Find the line in the entries below that contains "Heart Throw Pillow". Repeat it exactly, and every line after it through the line that contains "Obraz przedstawia pojazdy".

■ Excerpted records
--------------------------------
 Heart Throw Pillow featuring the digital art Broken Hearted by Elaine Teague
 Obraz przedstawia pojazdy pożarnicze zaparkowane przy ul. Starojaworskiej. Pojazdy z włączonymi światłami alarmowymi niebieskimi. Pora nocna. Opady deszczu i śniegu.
--------------------------------
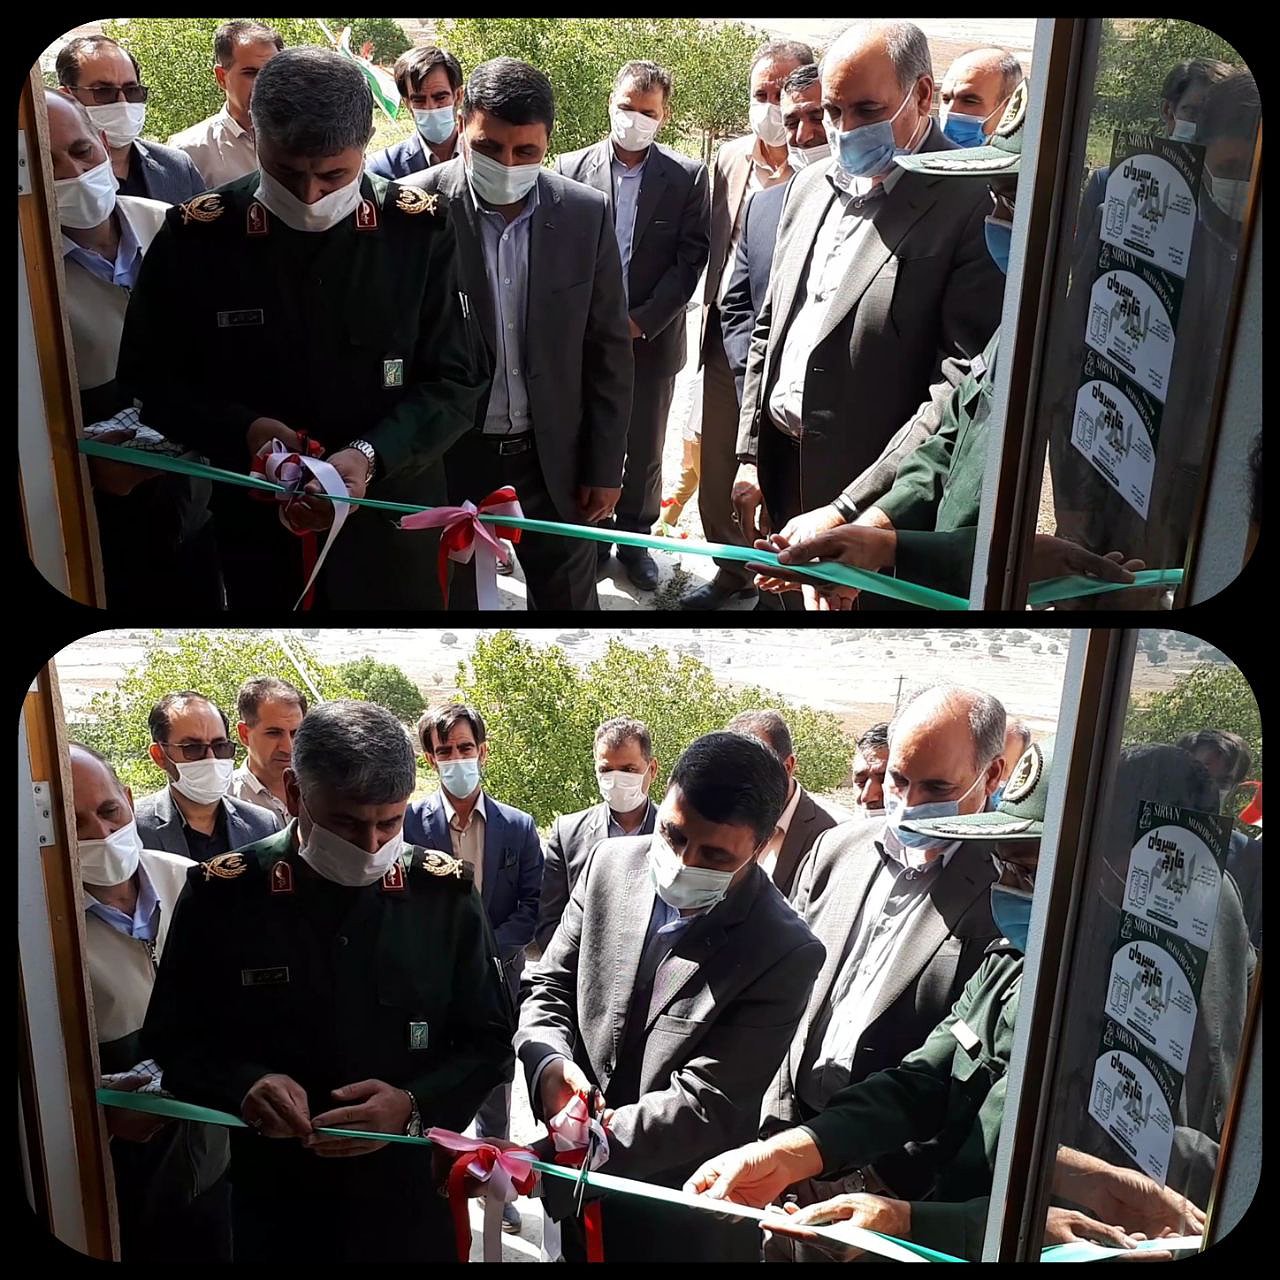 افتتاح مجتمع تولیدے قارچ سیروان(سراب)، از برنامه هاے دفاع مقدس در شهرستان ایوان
--------------------------------
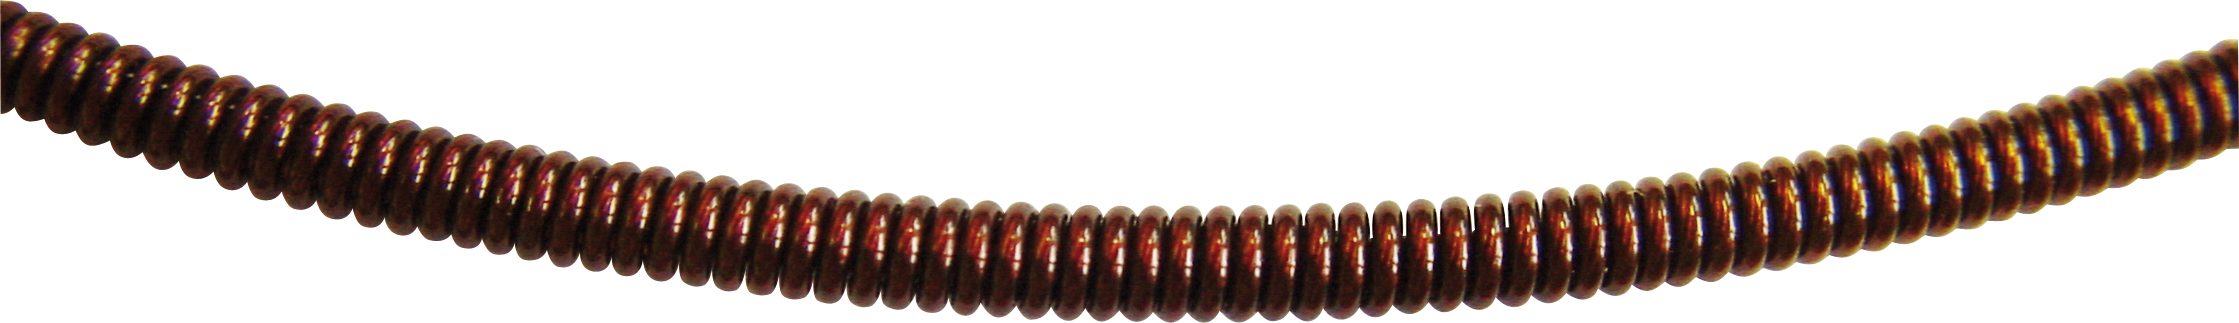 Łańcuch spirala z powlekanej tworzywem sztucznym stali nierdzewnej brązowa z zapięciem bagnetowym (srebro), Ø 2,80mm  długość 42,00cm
--------------------------------
■ Exercise solution
 Heart Throw Pillow featuring the digital art Broken Hearted by Elaine Teague
 Obraz przedstawia pojazdy pożarnicze zaparkowane przy ul. Starojaworskiej. Pojazdy z włączonymi światłami alarmowymi niebieskimi. Pora nocna. Opady deszczu i śniegu.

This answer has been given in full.